### PROBLEM REQUIREMENTS
All of the data that follows is to be printed exactly, without pictures.

--- RAW DATA Enclosed Below ---

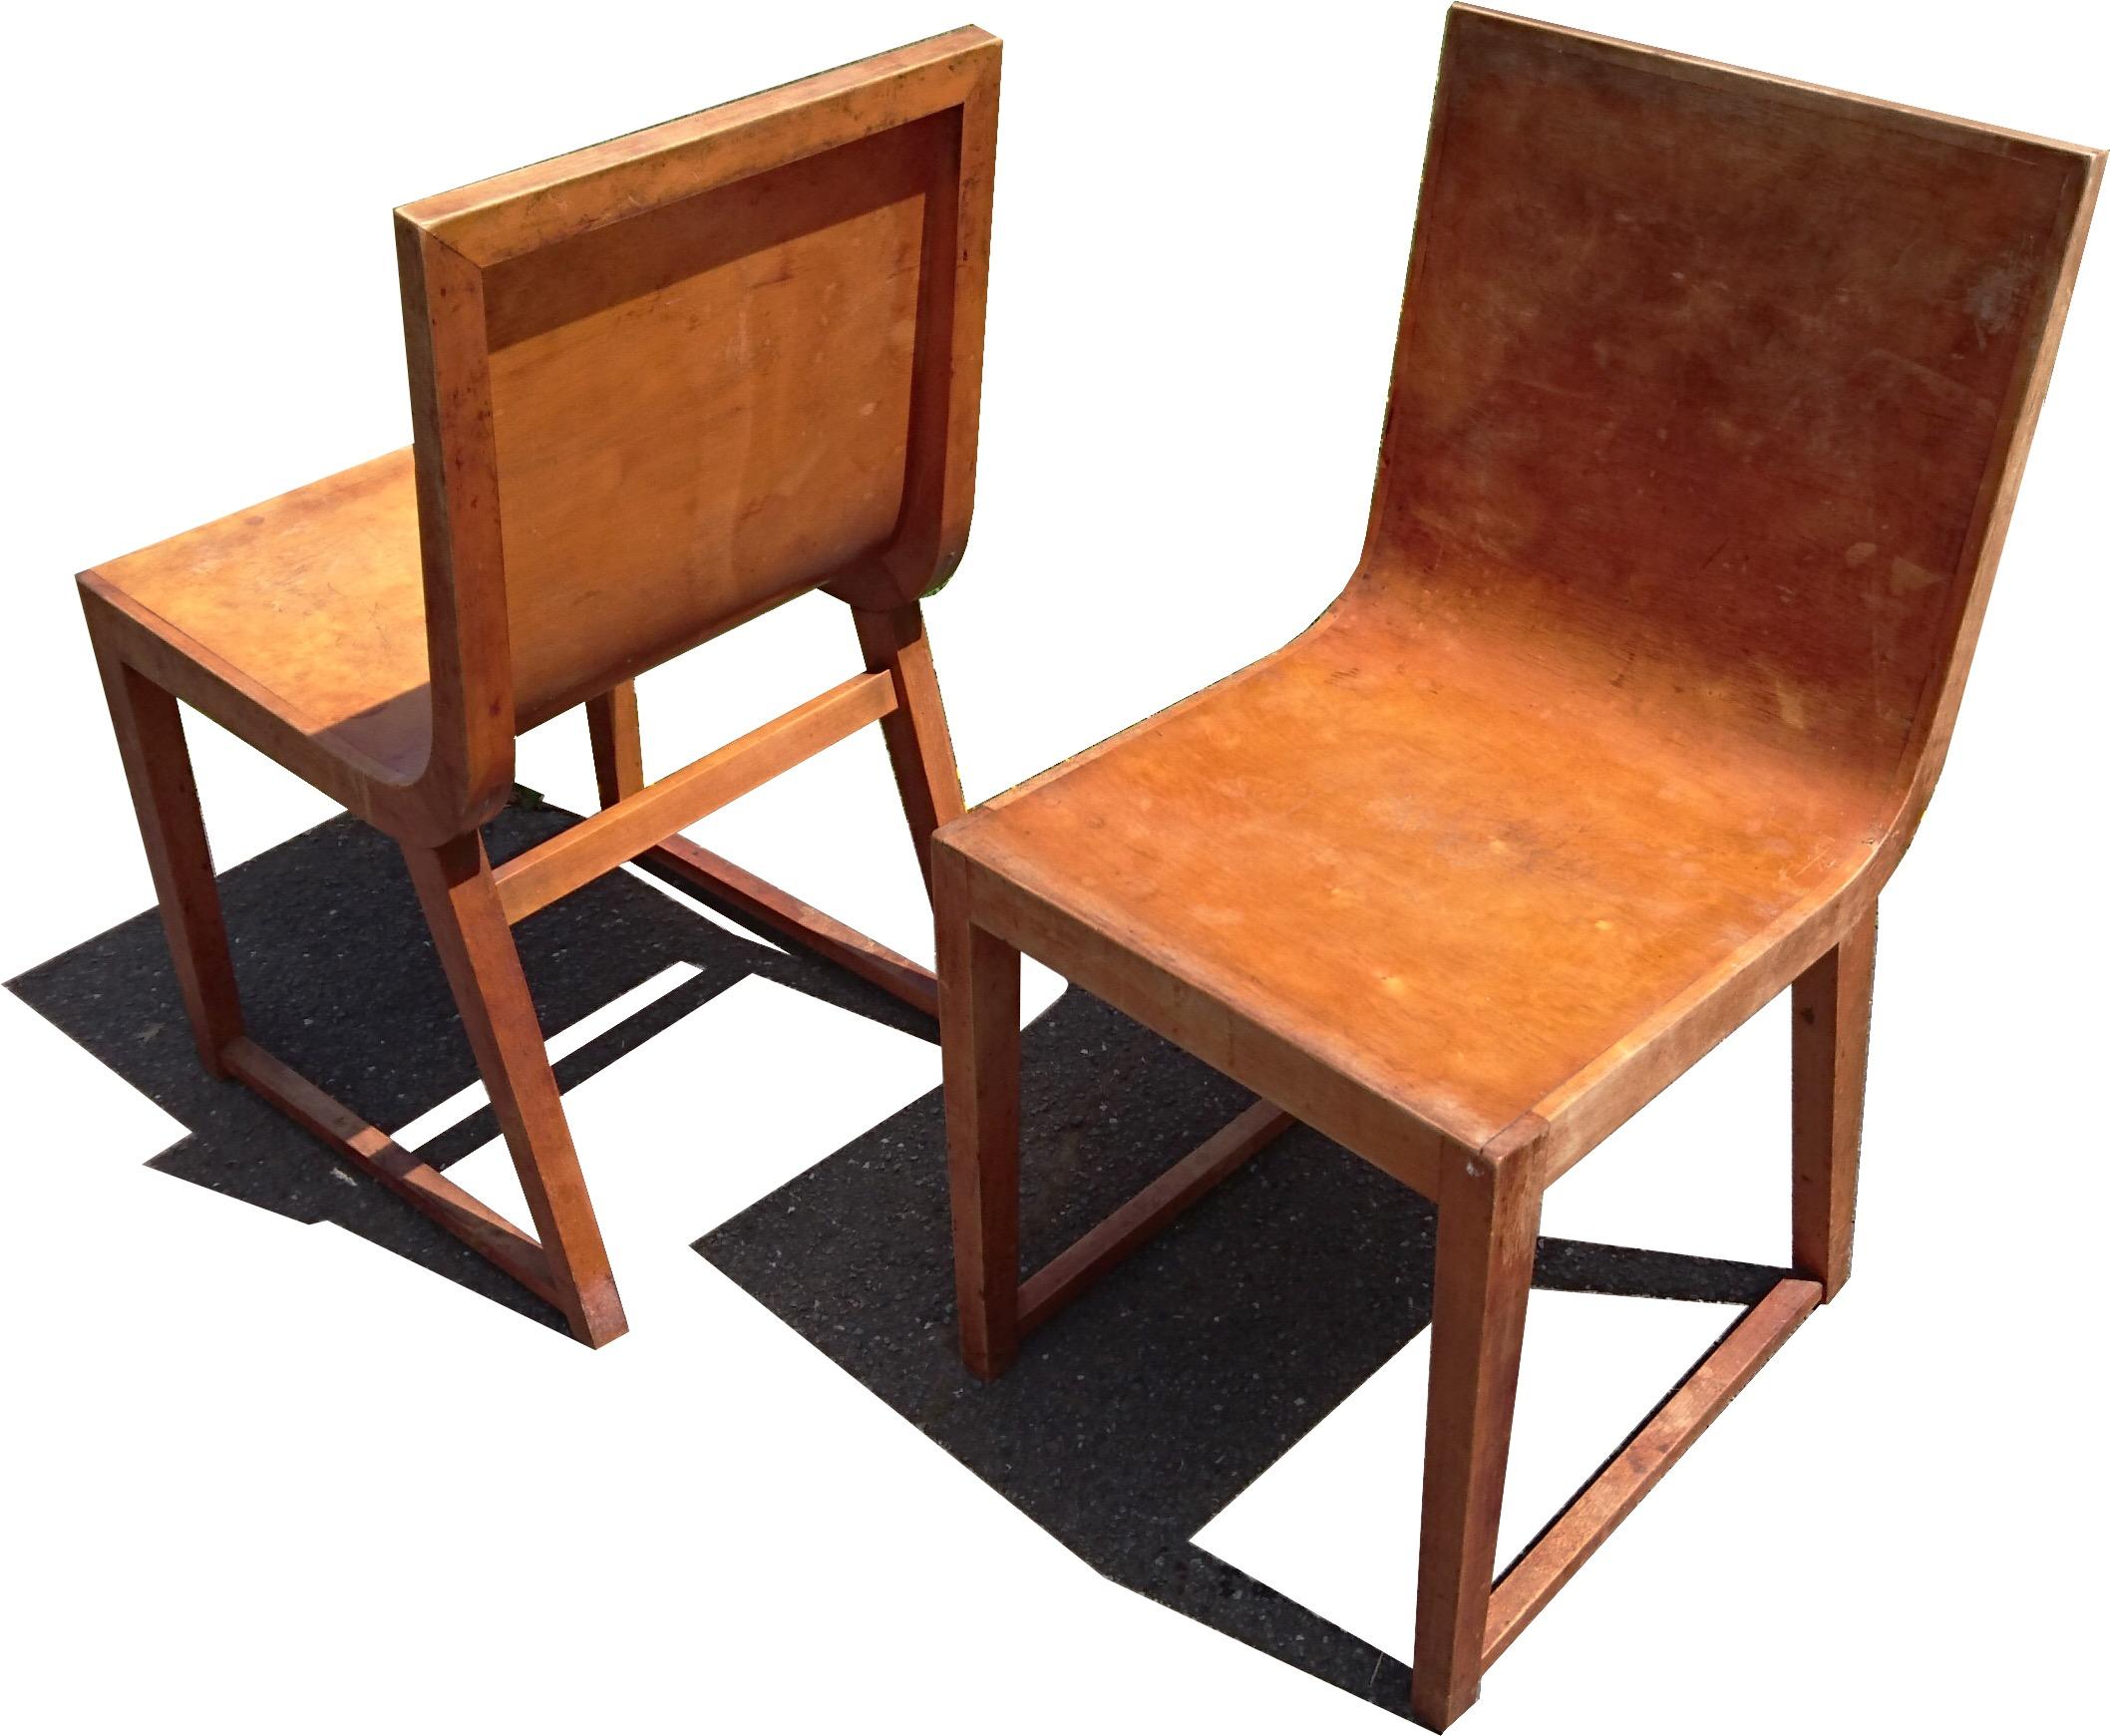 Finnish Modernist Chairs
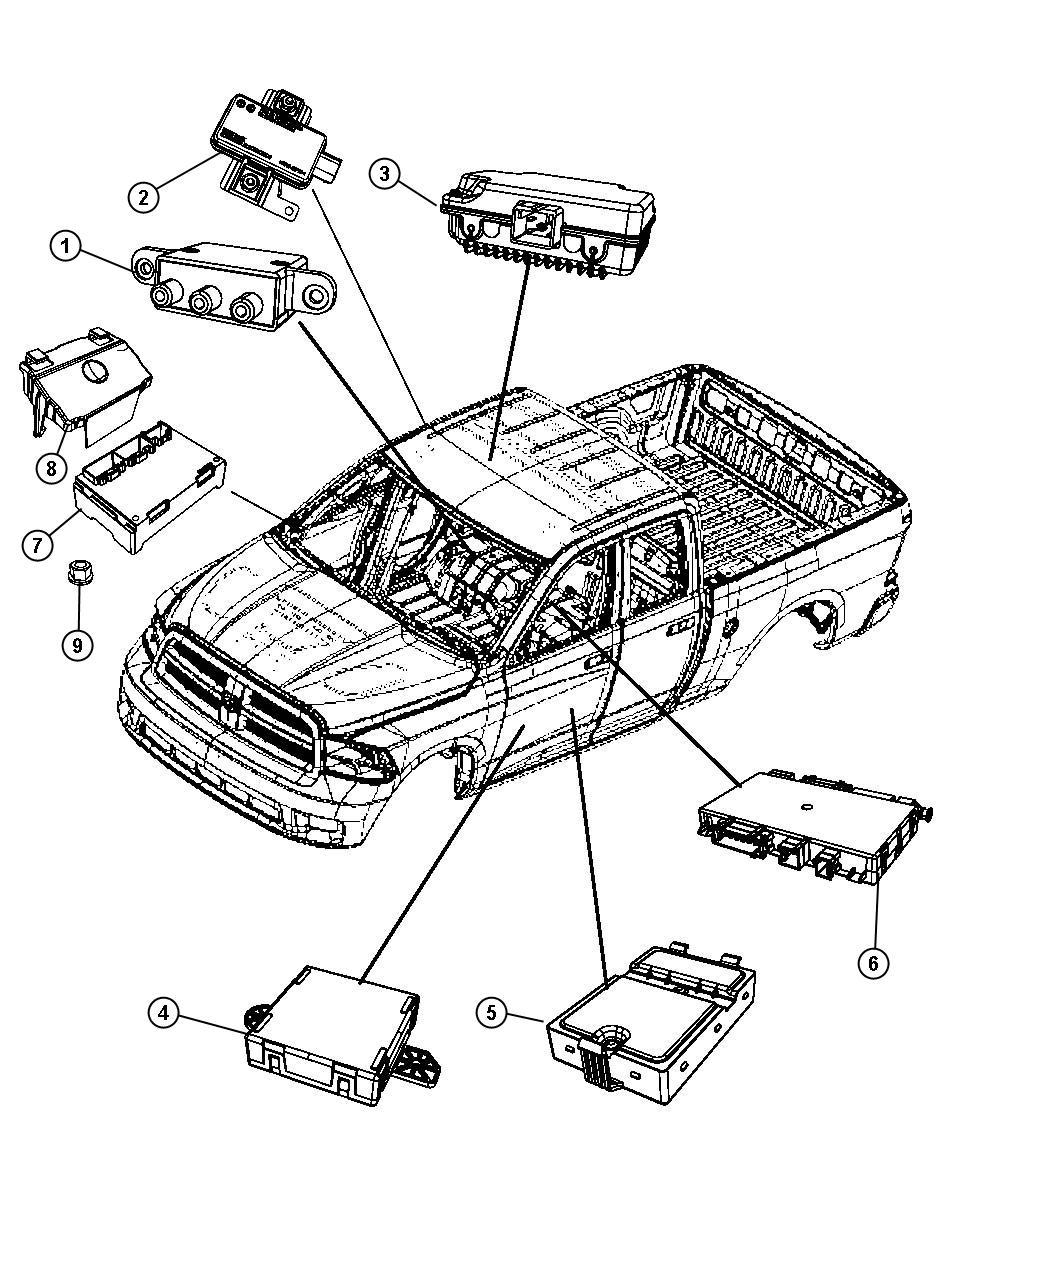 2013 Dodge Ram 1500 Module. Heated seat. Trim: [leather
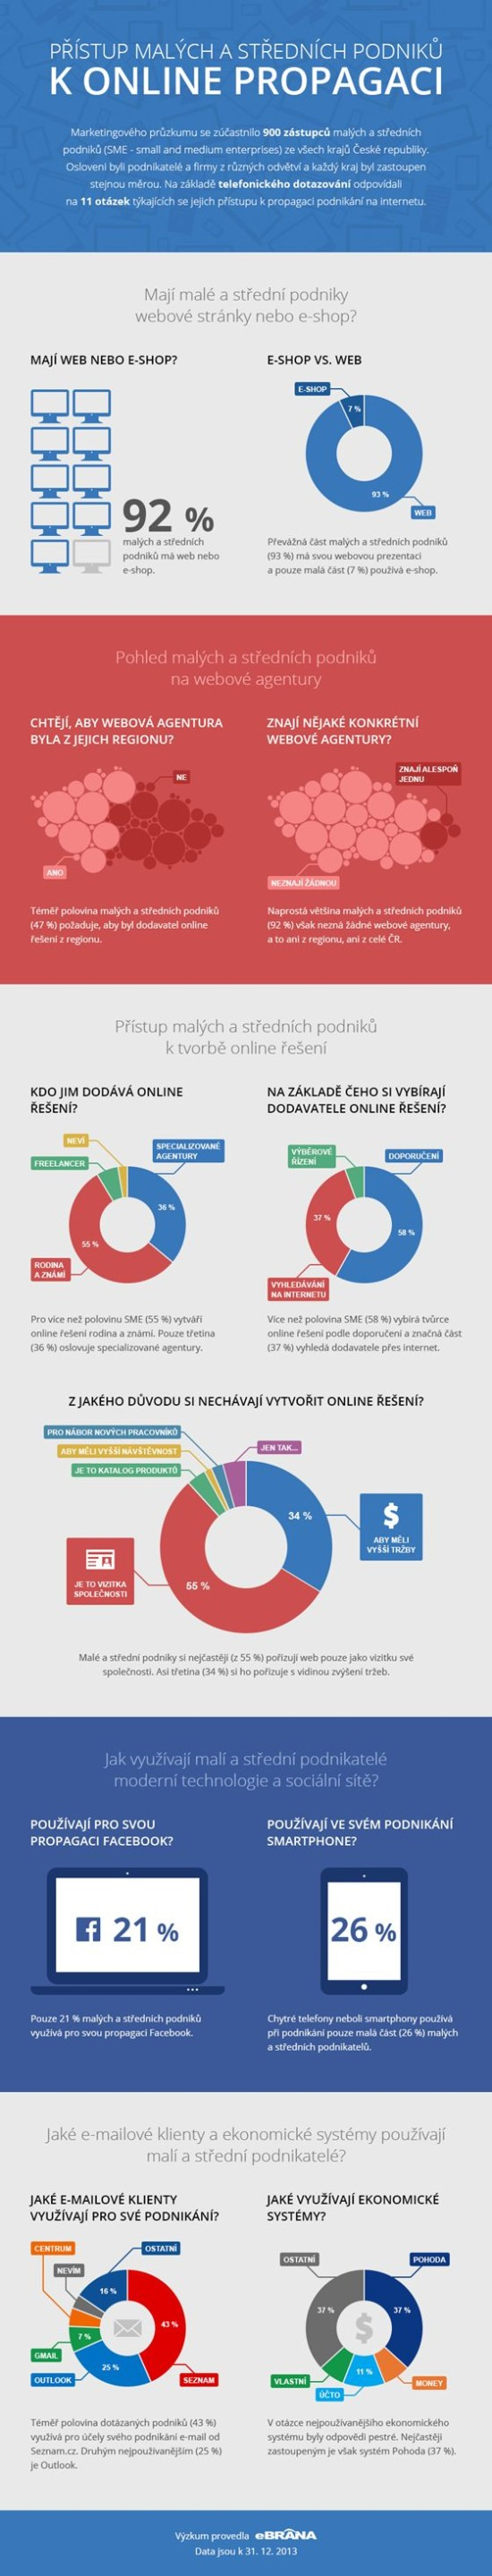 Pristup malych a strednich podniku k online propagaci - infografika

--- End of Enclosed RAW DATA ---

### RESULT OF THE EXERCISE
 Finnish Modernist Chairs
 2013 Dodge Ram 1500 Module. Heated seat. Trim: [leather
 Pristup malych a strednich podniku k online propagaci - infografika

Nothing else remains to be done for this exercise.